Imagine that you're the skipper of a WWII submarine. Let's say it's the USS Cod, a submarine that saw service from 1943 to 1945, and you're on the prowl for enemy ships. What is it that you're supposed to do? How do you go about finding and firing at a target?

The first thing you need to do is situate your boat underwater at the right depth. For the USS Cod, you'd level off at the submarine's periscope depth, which is 67 feet. You'd then use your search periscope to scan the horizon. The search periscope's wide field of view allows you to see a wide area all at once.

Then you see it. An enemy destroyer. You switch to the attack periscope. The attack periscope is much smaller—its neck, the part that slices through water, is only 1.4 inches in diameter, so it leaves hardly any wake as the boat moves along.

Next up is determining the target's bearing, course, range, and speed. To get the bearing, you center the scope's crosshairs on the ship. You call out "mark!"; the executive officer reads out the position off a gauge on the periscope.
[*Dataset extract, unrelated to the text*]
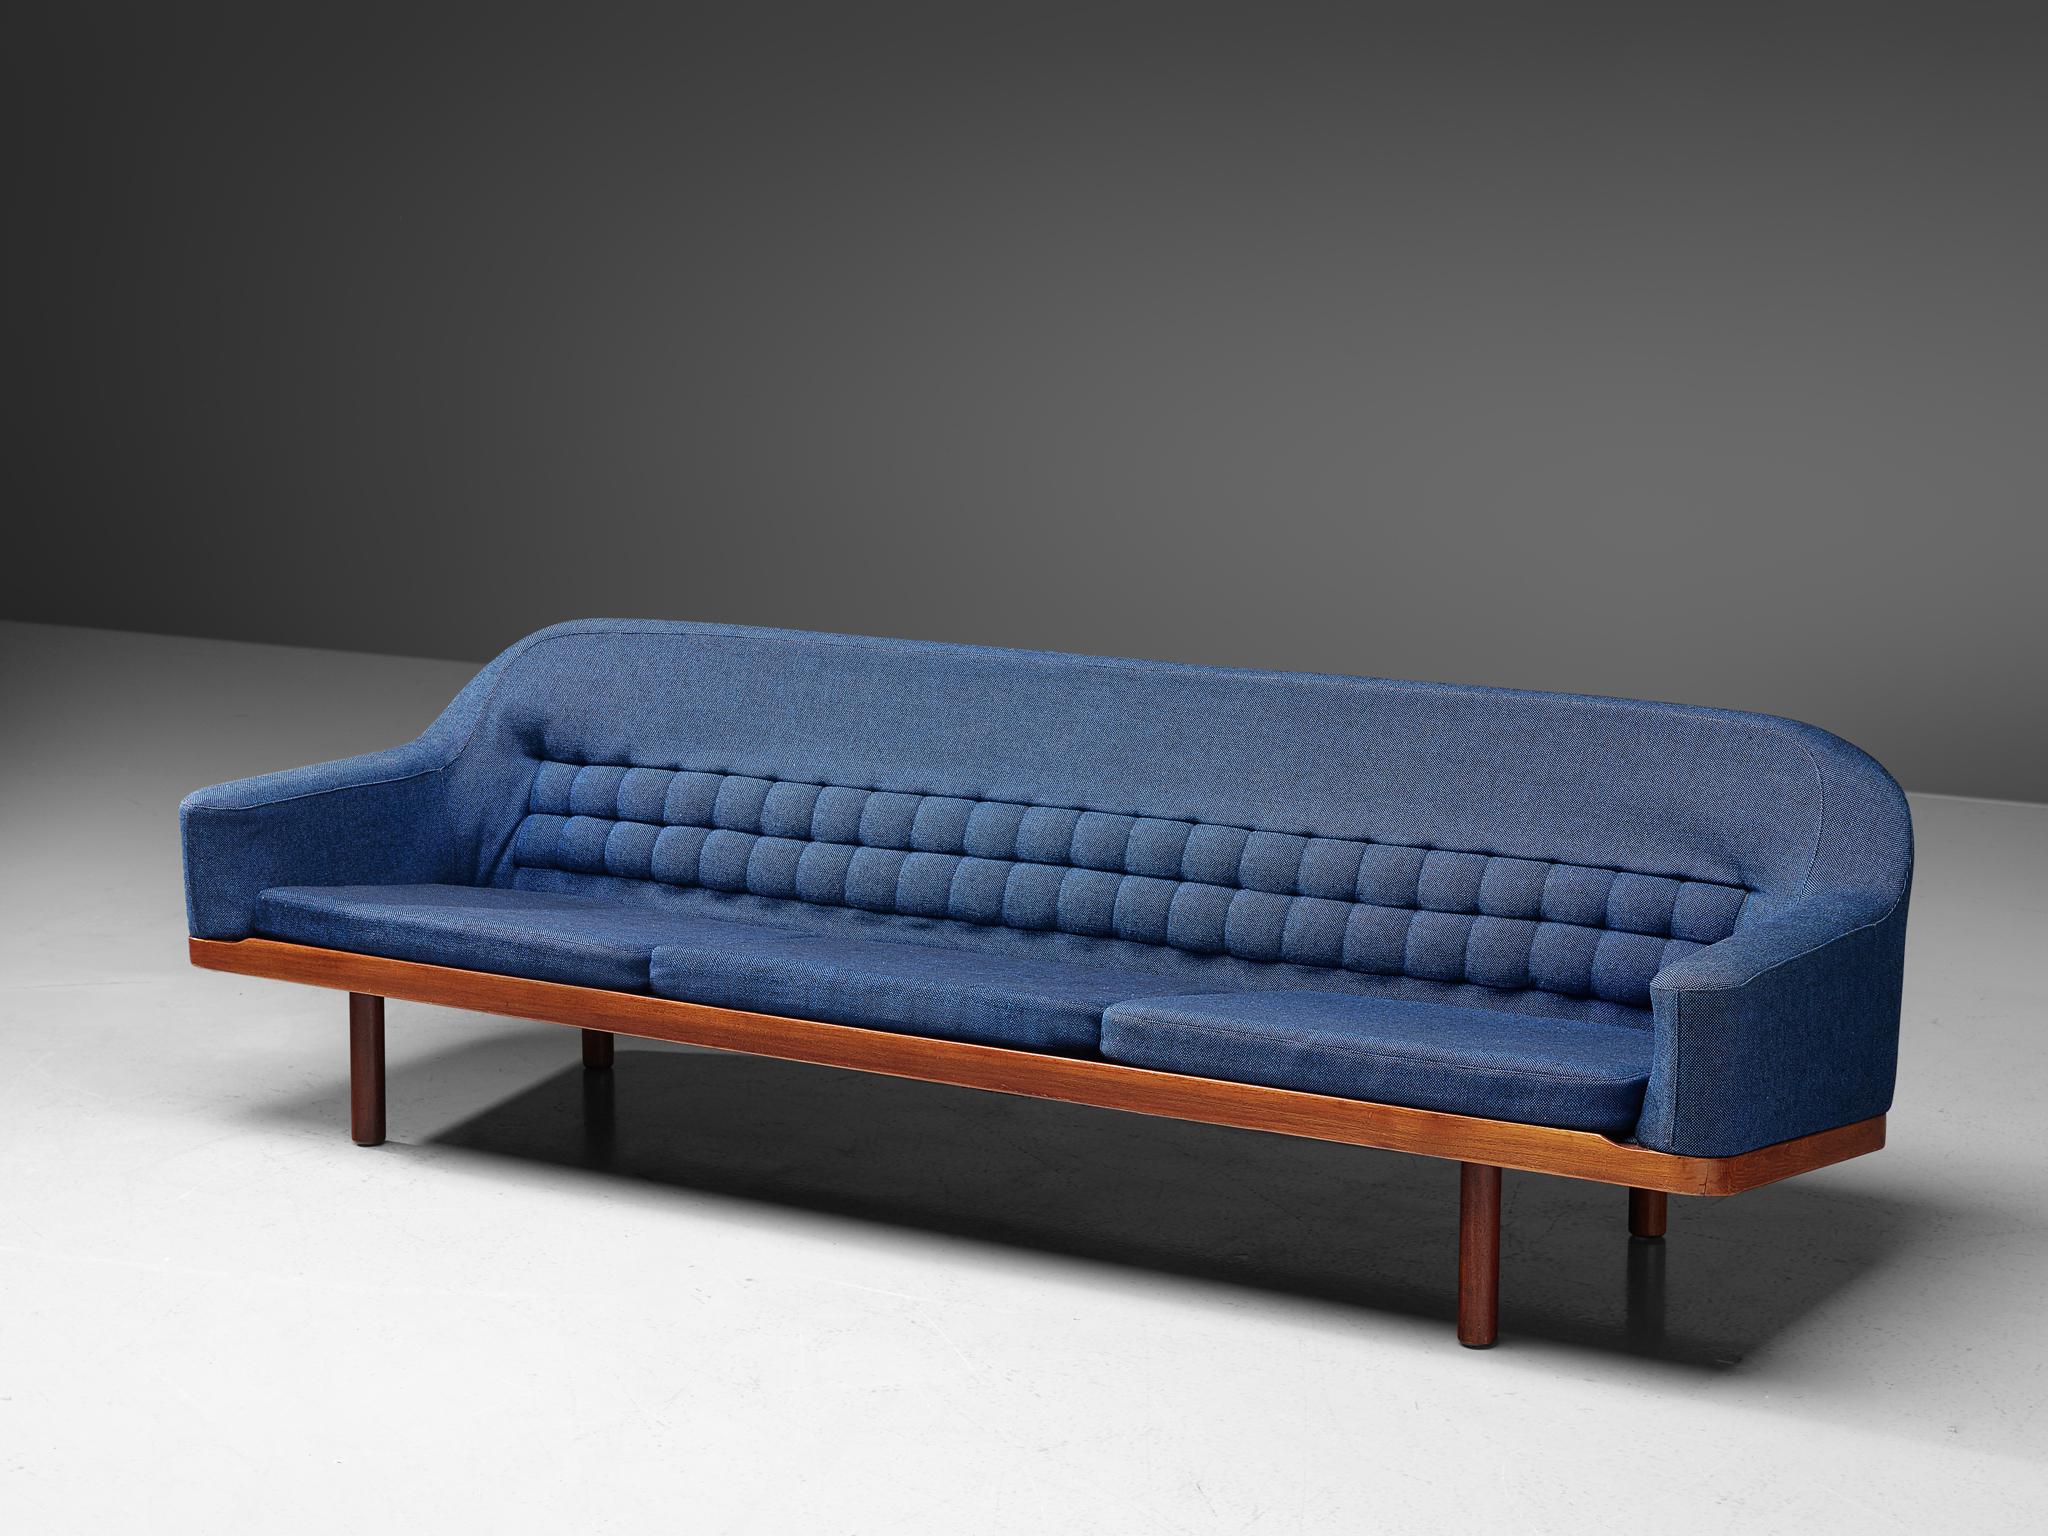 Arne Halvorsen, Sofa, Modell '2010', Teakholz, blauer Stoff, Norwegen, 1960er Jahre

Ein großes Sofa, entworfen vom norwegischen Designer Arne Halvorsen. Dieses Sofa zeichnet sich durch seine getuftete, geometrisch geformte Rückenlehne in

You determine the ship's course by guessing its "angle on the bow." For example, if the ship is heading directly toward you, the angle on the bow is 0 degrees. If its left side is facing you, the angle on the bow is "90 degrees port."

Stadiometer View through attack periscope.

There are several ways to determine range to the target. One is by radar, but your radar antenna is under water. Another is by sonar, but its ping could alert the enemy to your presence. Still another is your stadiometer, a device incorporated in the attack periscope. The stadiometer works like a sextant, but instead of giving you the angle between you and the sun (or some other object) and the horizon, you use it to determine the angle between you and the top of the ship's mast and the ship's waterline. Rotating a knob on the periscope causes another image of the ship to appear in the viewfinder. You turn the knob until the waterline of one image touches the masthead of the other image.

Even though the sonar isn't sending out pings, your sonar operator is busy. He's hunched over his equipment, listening to the enemy ship. With stopwatch in hand, he determines the rate at which the enemy ship's props turn. "One hundred and twenty five per minute," he announces. This tells you that its speed is 9 knots (about 10mph).

The navigation officer has been busy, too. He's been listening to you and the crew and setting the dials of the TDC—the Torpedo Data Computer. The TDC is a strictly mechanical computer that relies on dials and gears. There are two sections to the TDC. One is the position keeper, which keeps track of the target, in real time, relative to your position. The navigation operator has entered the target's bearing, course, range, and speed. The TDC also keeps track of your position—it automatically enters in the submarine's speed and heading and makes adjustments whenever you change speed or heading.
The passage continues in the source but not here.